Le jeudi 10 octobre 2019, 17 h 40

Salle Bernard-Lalonde (1.131), hôtel du Parlement

(Dix-sept heures trente-neuf minutes)

M. Barrette : Alors, voici. Alors, aujourd'hui, on arrive à la conclusion bientôt des travaux sur le projet de loi n° 17. Et aujourd'hui, à cet instant-ci, mes pensées vont d'abord et avant tout aux artisans du taxi partout au Québec ainsi qu'à leurs familles. Ce n'est pas une belle journée aujourd'hui. Et je peux vous assurer que les dernières heures que je viens de passer depuis qu'on a terminé nos travaux à la salle Pauline-Marois, je les ai passées au téléphone avec les représentants de l'industrie du taxi, qui sont inquiets.

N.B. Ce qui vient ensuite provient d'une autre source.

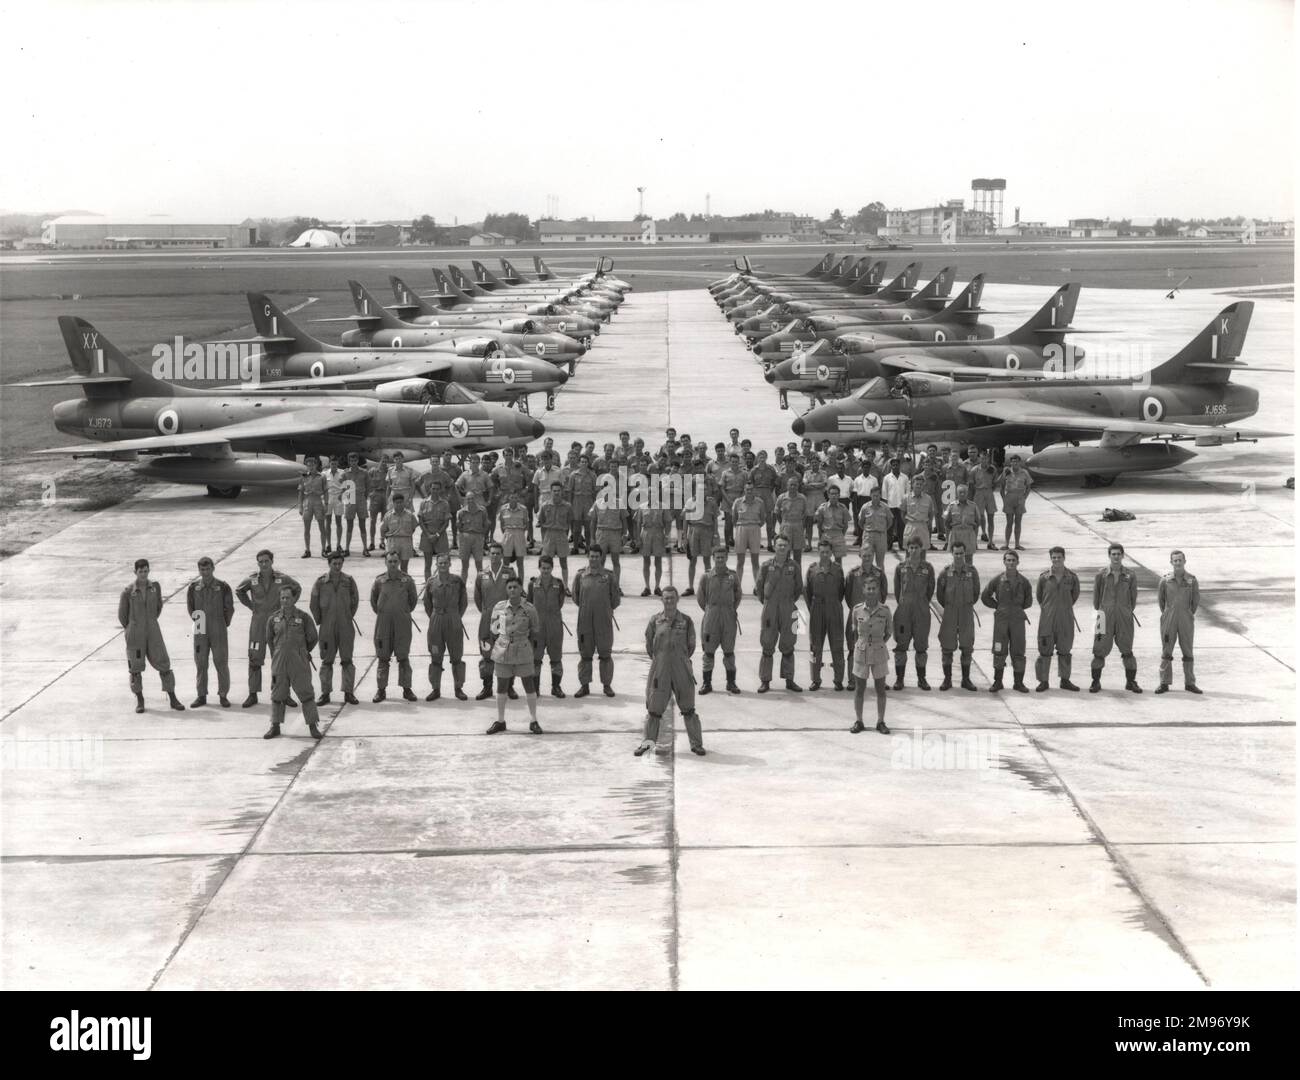 Des membres du No20 Squadron, RAF, photographiés avec une partie de leur Hawker Hunter F6s à la RAF Tengah, Singapour, pour célébrer l’anniversaire de l’escadron en 50th. L'escadron a été formé 50 ans auparavant le 1 septembre 1915. Banque D'Images

Alors, commence une nouvelle ère, et, dans cette nouvelle ère, il y a un vainqueur, et le vainqueur, évidemment, c'est Uber et, éventuellement, Lyft. Et les autres, bien, ils sont entre les deux. Ils savent ce qui va leur arriver, évidemment. Ils sont heureux. Ils sont heureux des efforts que nous avons faits. Je tiens à rappeler évidemment que, dès le dépôt de ce projet de loi là, je me suis levé en Chambre pour dire qu'il était mal rédigé puisqu'il ne traitait pas du transport adapté. Et, dès le début, nous avons fait les efforts nécessaires pour que deux éléments soient pris en considération par le gouvernement, soit leur compensation, que l'on sait aujourd'hui inéquitable... Et même le ministre admet qu'elle est asymétrique. Le ministre le dit lui-même. Et, quand on va jusqu'à dire que, ah! mais, vous savez, les gens qui recevront moins, c'est des cas particuliers puis on va les aider, franchement, c'est démocratiquement gênant.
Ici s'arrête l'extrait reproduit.